In article <9195@alice.UUCP> andrew@alice.UUCP (Andrew Hume) writes:
>
>
>in the fifth edition, directories that could no longer fit in the directly
>mapped blocks caused unix to crash.
>
>nowadays, the only reason not have huge directories is that they
>make a lot of programs REAL slow; it takes time to scan all those dirents.

There is a more real limit to directory sizes in the System V file system:
There can only be 64K inodes per file system.  As I recall (and it has
been a while since I actually looked at it), the directory entry was
something like this:

	struct dirent {
		unsigned short inode; /* or some special 16 bit type */
		char filename[14];
	}

which yielded a 16 byte entry.  Since there is a maximum number of links
to a file (2^10 or 1024?), then the absolute maximum would be:

	64K * 1024 * 16 = 2 ^ 16 * 2 ^ 10 * 2 ^ 4 = 2 ^ 22 = 4 megabytes

This brings up one of the major physical limiations of the System V 
file system:  if you can have 2 ^ 24 blocks, and only 2 ^ 16 discrete
files, then to harness the entire file system space, each file will
(on average) have to be 2 ^ 8 blocks long or 128 K.  Since we know that
about 85% of all files on most unix systems are less than 8K and about 
half are under 1K, I personnally feel that the 16 bit inode number is
a severe handicap.

Comments?

Robert Cousins

Speaking for myself alone.

andrew@frip.wv.tek.com (Andrew Klossner) (04/15/89)

Larry McVoy writes:

>> How many files can there be in a single UNIX directory ....

> If you are on a POSIX system, try this
> #include <unistd.h>
> dirsentries(dirpath)
> 	char *dirpath;
> {
> 	return pathconf(dirpath, _PC_LINK_MAX);
> }

This will tell you how many directories a directory can contain, not
how many files.  Adding a file to a directory does not increment its
link count.

  -=- Andrew Klossner   (uunet!tektronix!orca!frip!andrew)      [UUCP]
                        (andrew%frip.wv.tek.com@relay.cs.net)   [ARPA]

bph@buengc.BU.EDU (Blair P. Houghton) (04/15/89)

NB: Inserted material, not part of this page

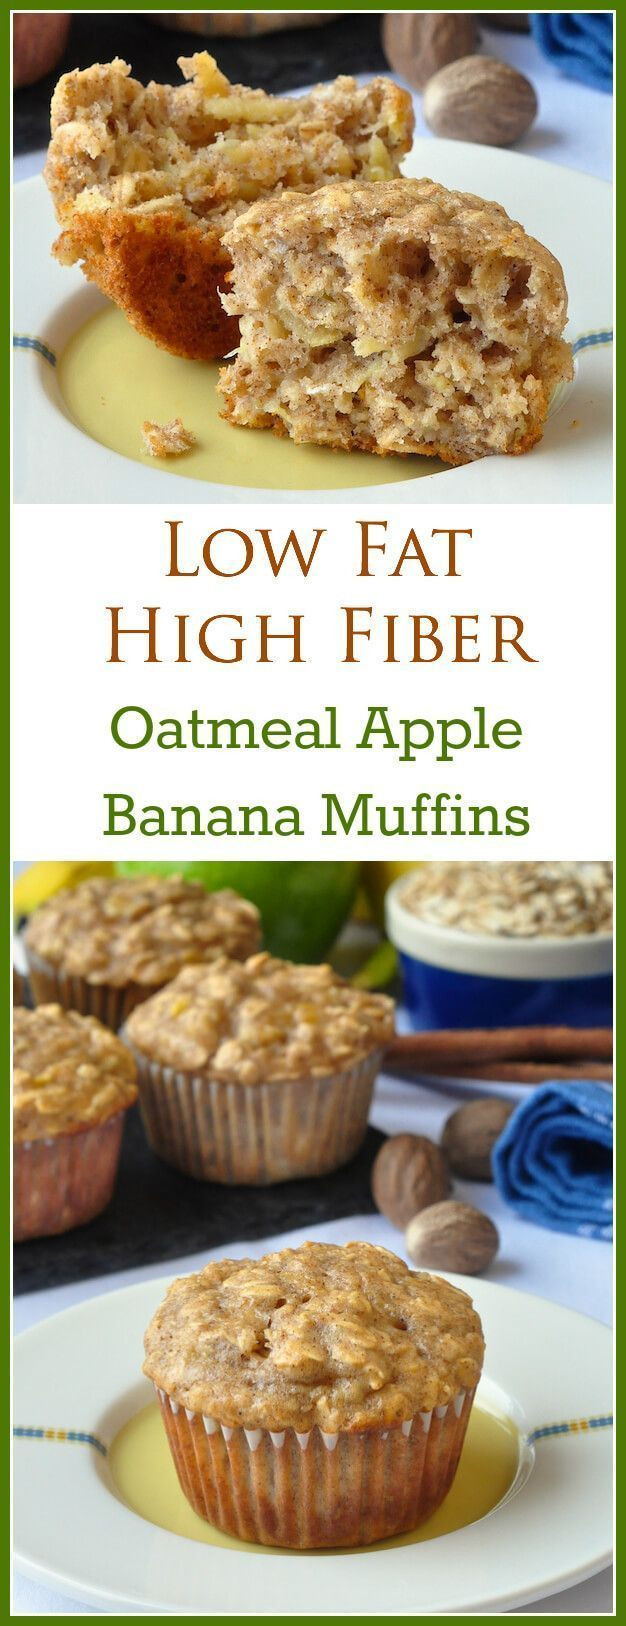 Healthy Breakfast Muffins Recipe  Oatmeal Apple Banana Low Fat Muffins Recipe
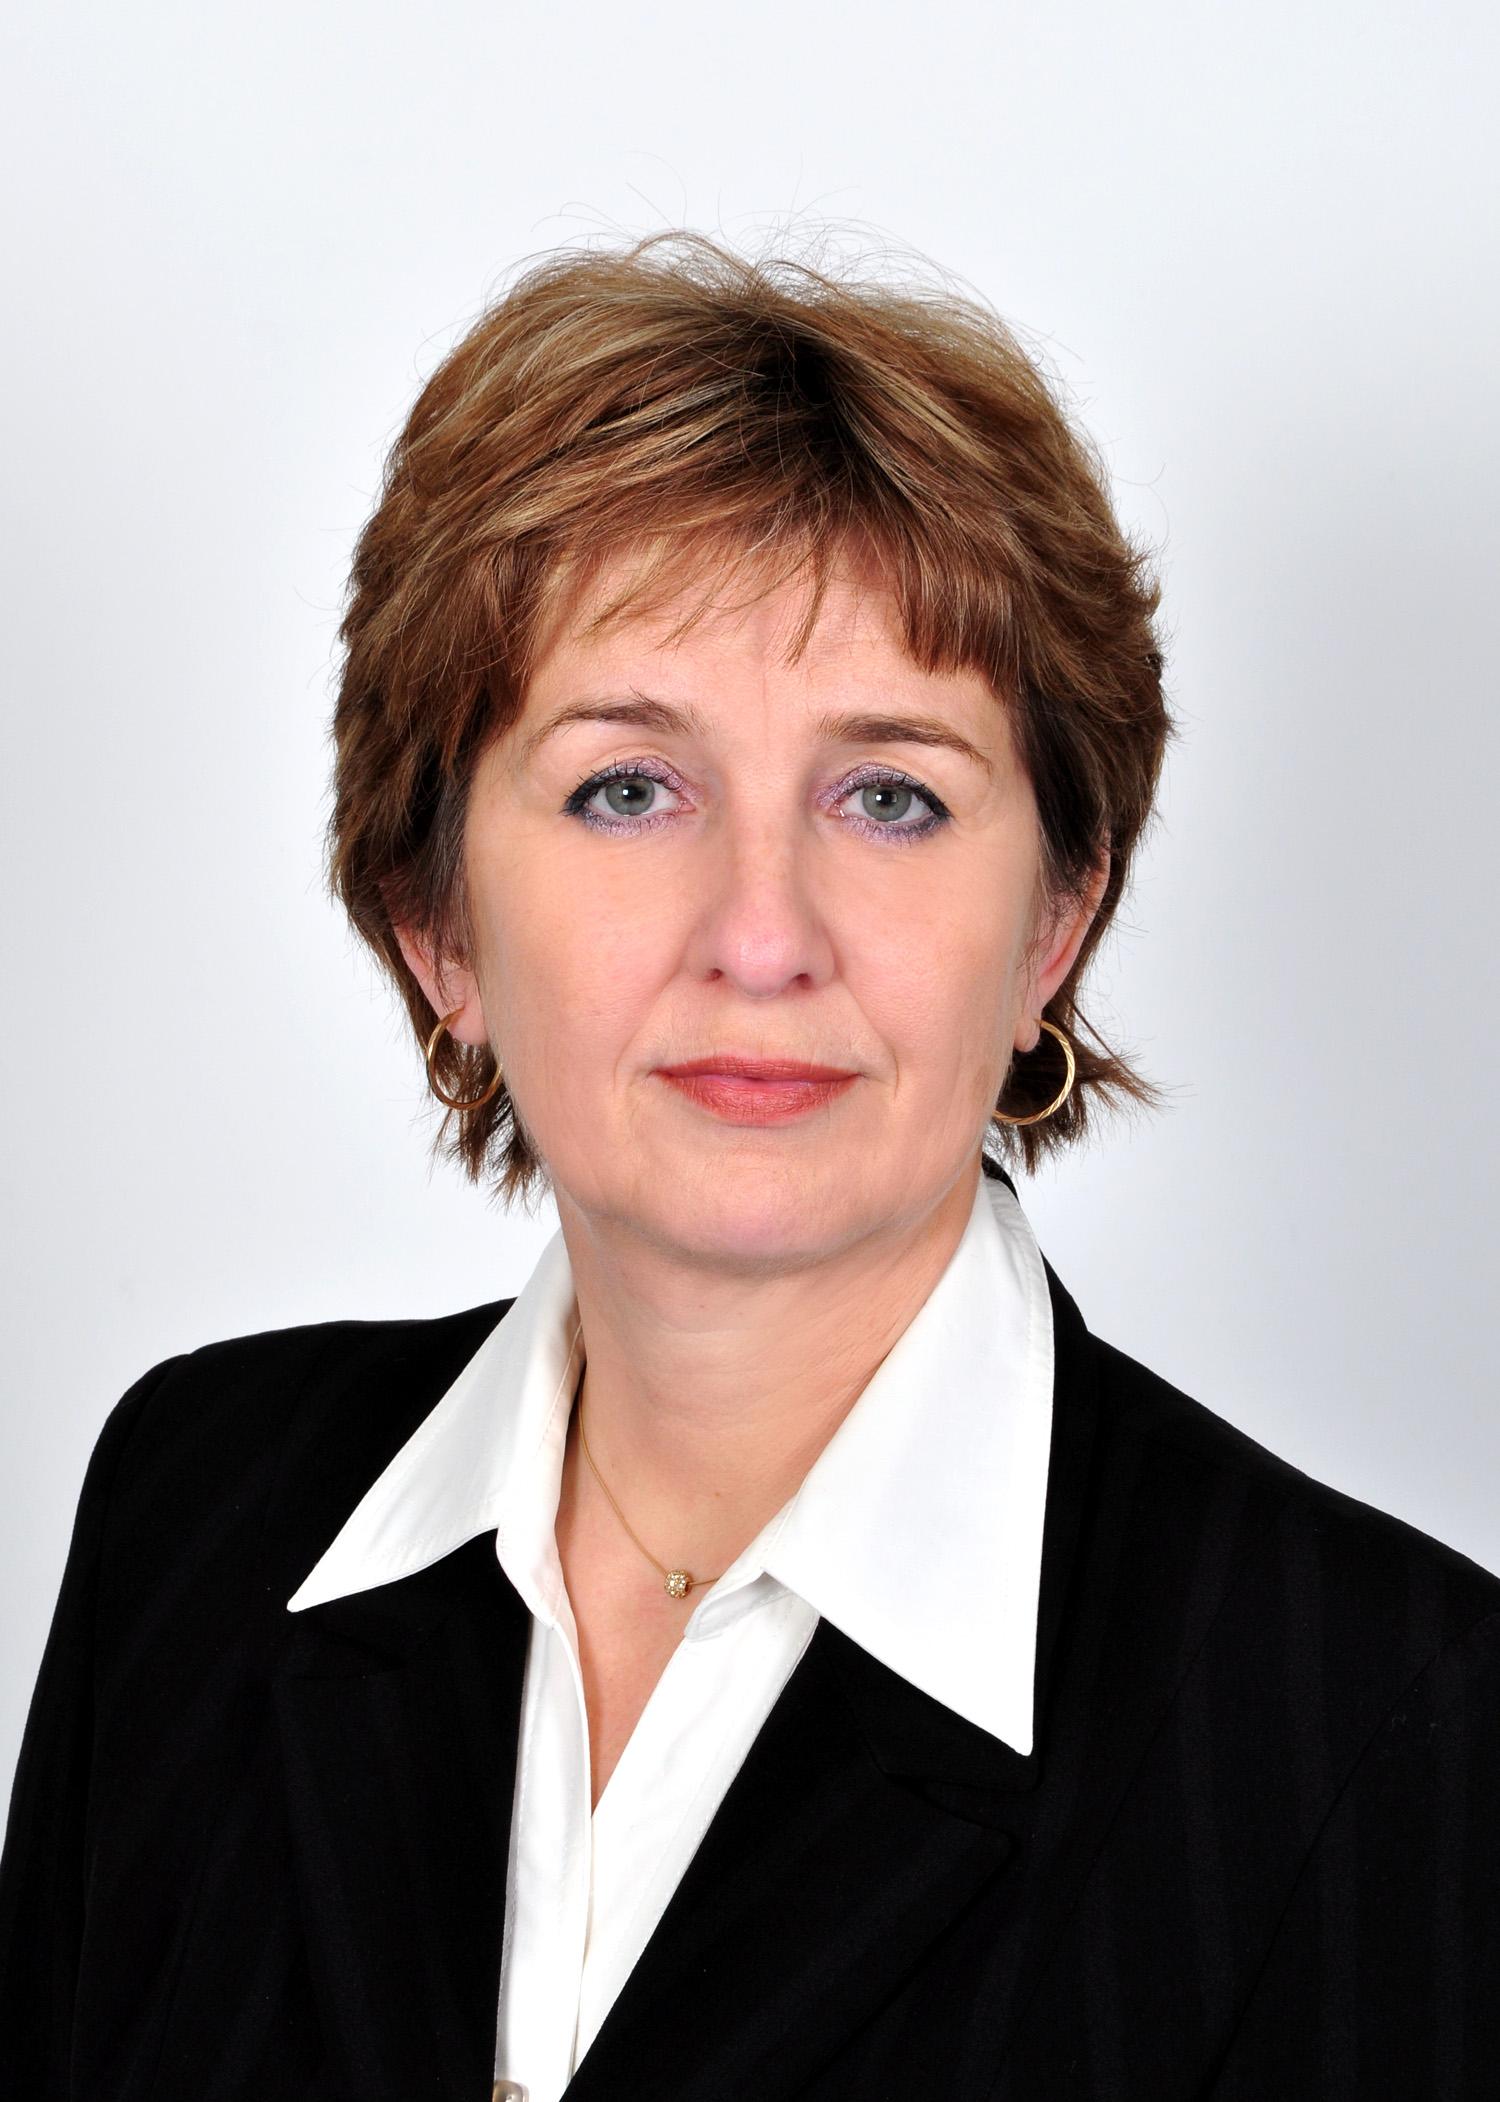 PhDr., Mgr. Jarmila Záborská-Kurhajcová, PCC

In article <127@dg.dg.com> rec@dg.UUCP (Robert Cousins) writes:
>
>This brings up one of the major physical limiations of the System V 
>file system:  if you can have 2 ^ 24 blocks, and only 2 ^ 16 discrete
>files, then to harness the entire file system space, each file will
>(on average) have to be 2 ^ 8 blocks long or 128 K.  Since we know that
>about 85% of all files on most unix systems are less than 8K and about 
>half are under 1K, I personnally feel that the 16 bit inode number is
>a severe handicap.
>
>Robert Cousins
>
>Speaking for myself alone.

I'll stand behind you, big guy.  I just hacked up a program to check out my
filesizes, and I'll be damned if I didn't think my thing was real big...

On the system I checked (the only one where I'm remotely "typical" :),
I have 854 files, probably two dozen of them zero-length (the result of
some automated VLSI-data-file processing).  The mean is 10.2k, stdev is 60k
(warped by a few megabyte-monsters), and the median is 992 bytes (do
you also guess peoples' weight? :)  Of these 854 files of mine, 84% are
under 8000 bytes, and a paltry eight exceed the 128k "manufacturer's
suggested inode load" you compute above.

For another machine:
1740 files
Median 1304 bytes
Mean   7752
StDev 28857
77% < 8kB
And only 4 (that's FOUR) over the 128k optimal mean.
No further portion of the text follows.